Researchers have now found seven genetic variants that are found in both ADHD and autism, as well as five genetic variants that are specific to only one of the two conditions. The results were published in Nature.
In this study, researchers assessed the genetic variations in the genomes of 34,462 people with autism spectrum disorder and/or ADHD, as well as 41,201 controls without either diagnoses. What they uncovered is both shared risk and gene-based variations which distinguish these two disorders from each other. “We have succeeded in identifying both shared genetic risk variants and genetic variants that differentiate the two developmental disorders,” says Professor Anders Børglum of the Department of Biomedicine at Aarhus University and iPSYCH, Denmark’s largest research project within psychiatry, which is behind the study via a press release about the study.

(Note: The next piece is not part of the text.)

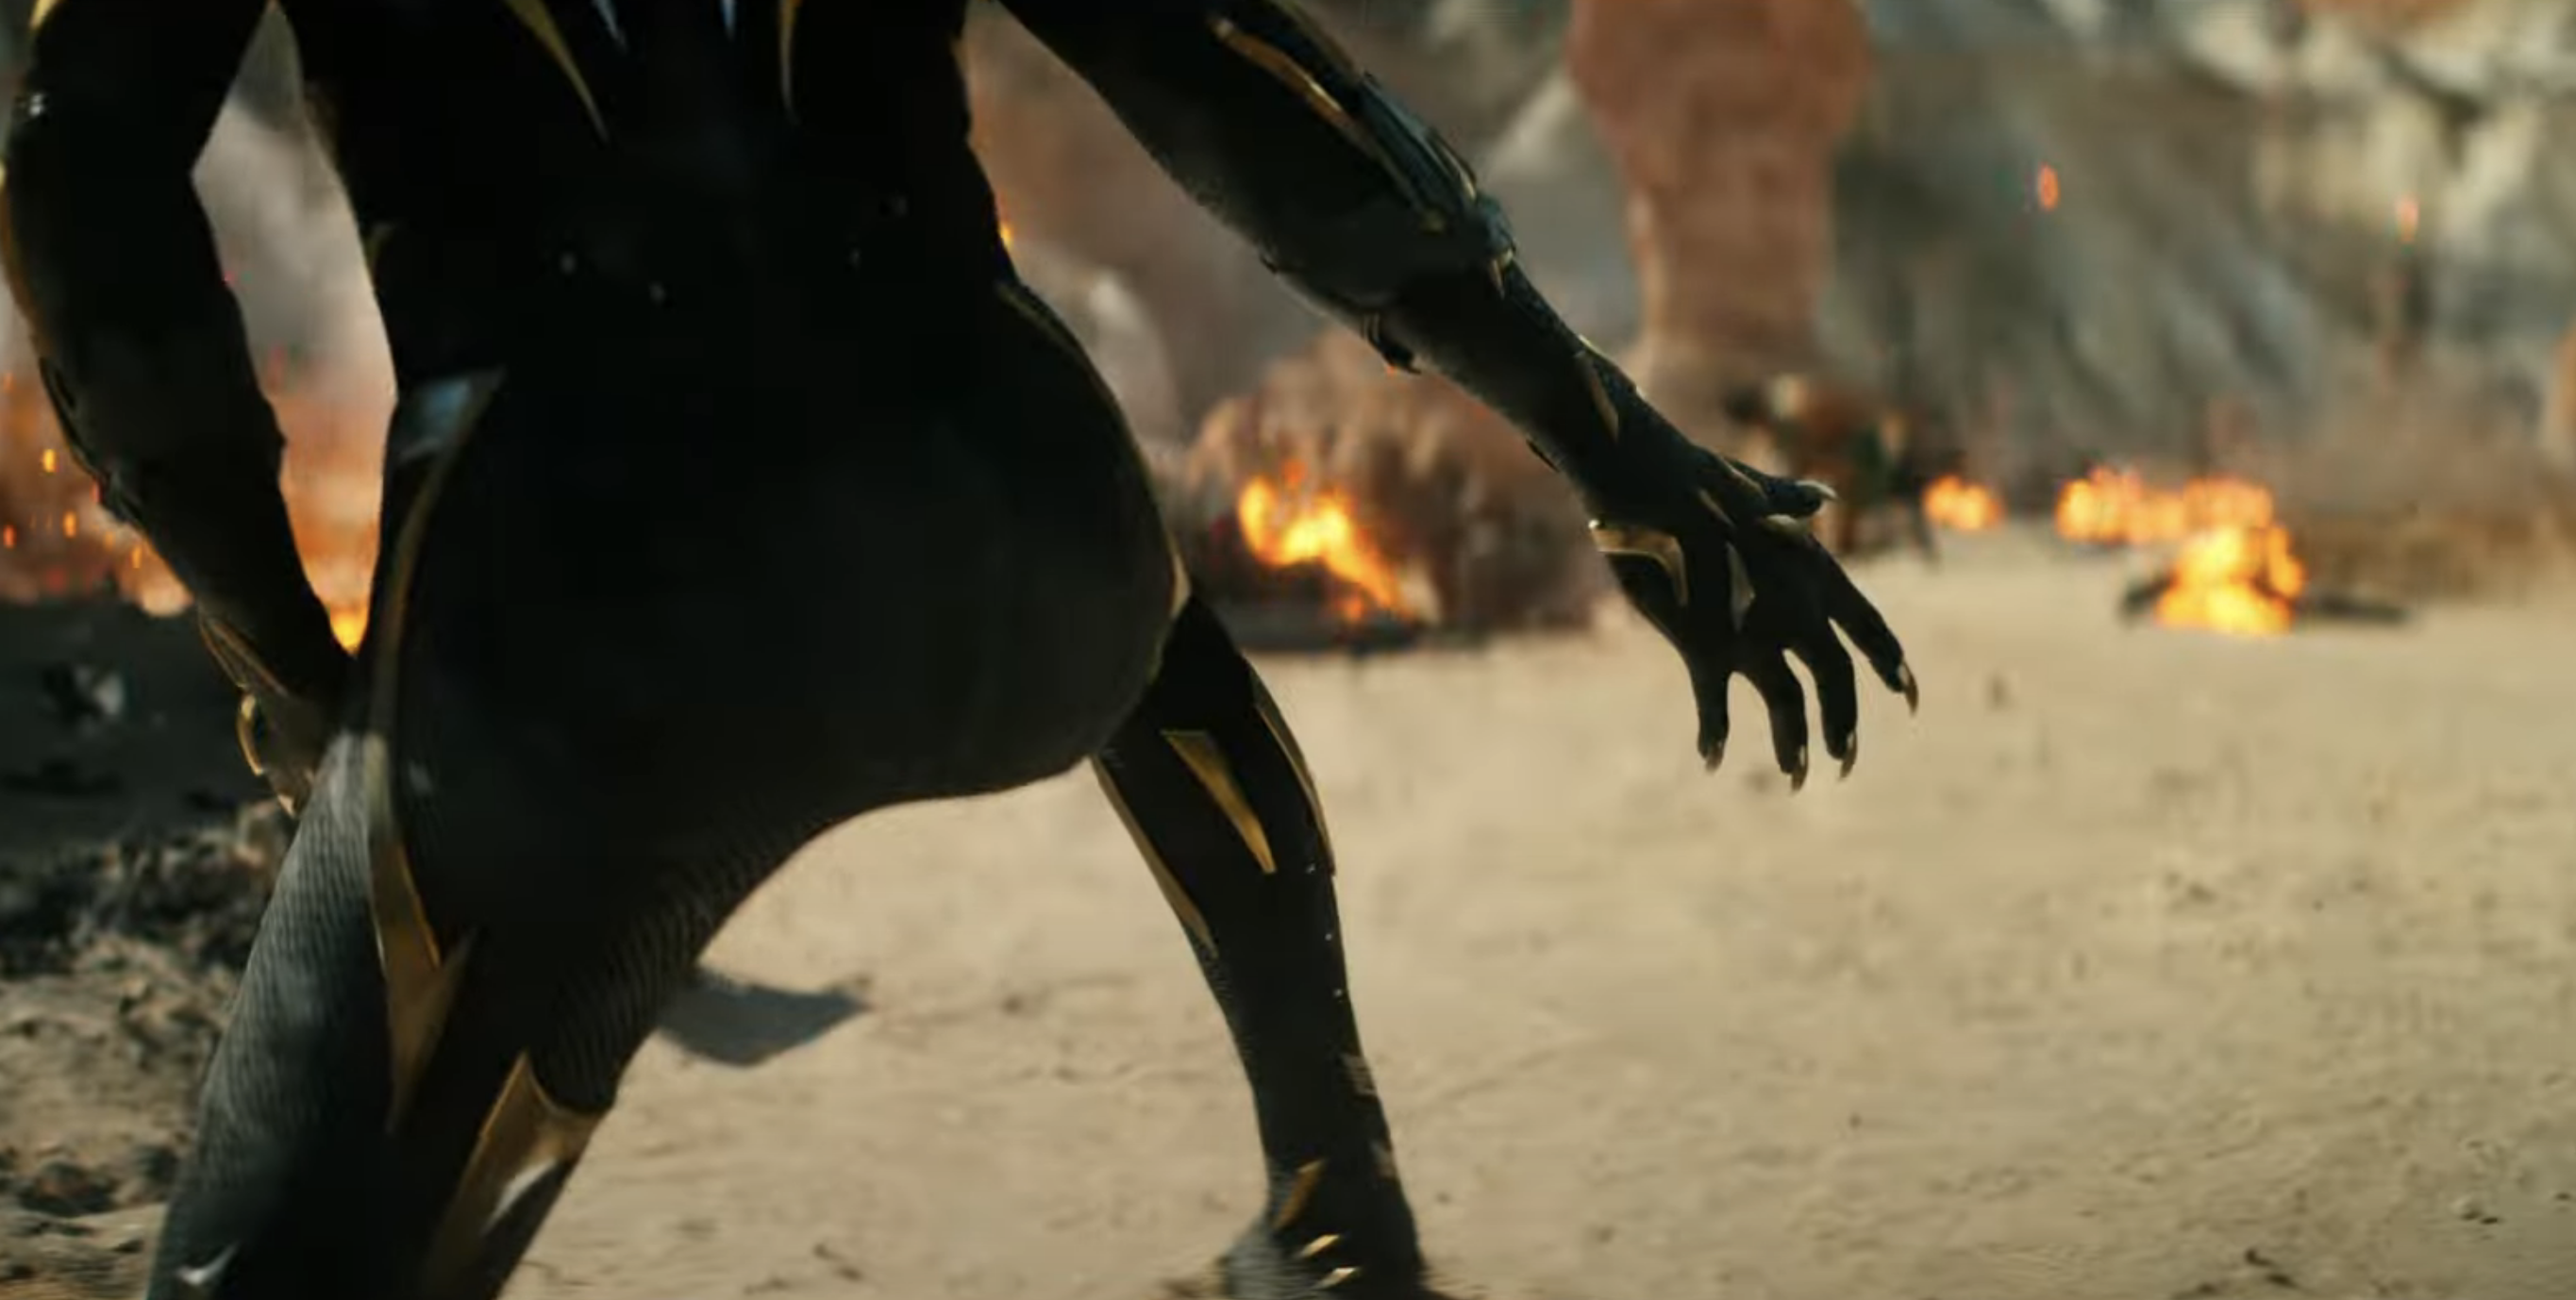 Screen shot of the Black Panther from behind from &quot;Black Panther: Wakanda Forever&quot;

“That means that we are beginning to understand both the biological processes that are behind the development of both diagnoses, and – as something completely new – also the processes that push the developmental disorder specifically in the direction of either autism or ADHD.”
The findings, researchers hope, will make it possible to render more accurate diagnoses to yield earlier interventions in both disorders, so that all patients receive a precise, and personalized treatment plan.
“The autism diagnosis is typically made before an ADHD diagnosis. So if, for example, the person is also hyperactive and finds it difficult to concentrate, this may well be slightly drowned out by the autism symptoms, and we may not see the ADHD challenges,” said Prof. Børglum.
“But if we have a genetic study of a person with an autism diagnosis, and we see a major genetic load of ADHD genetics, then it may be that we should monitor that person a bit more closely. In this way, we can in the future become quicker to spot the development and give the family good tools to handle this diagnosis, too.”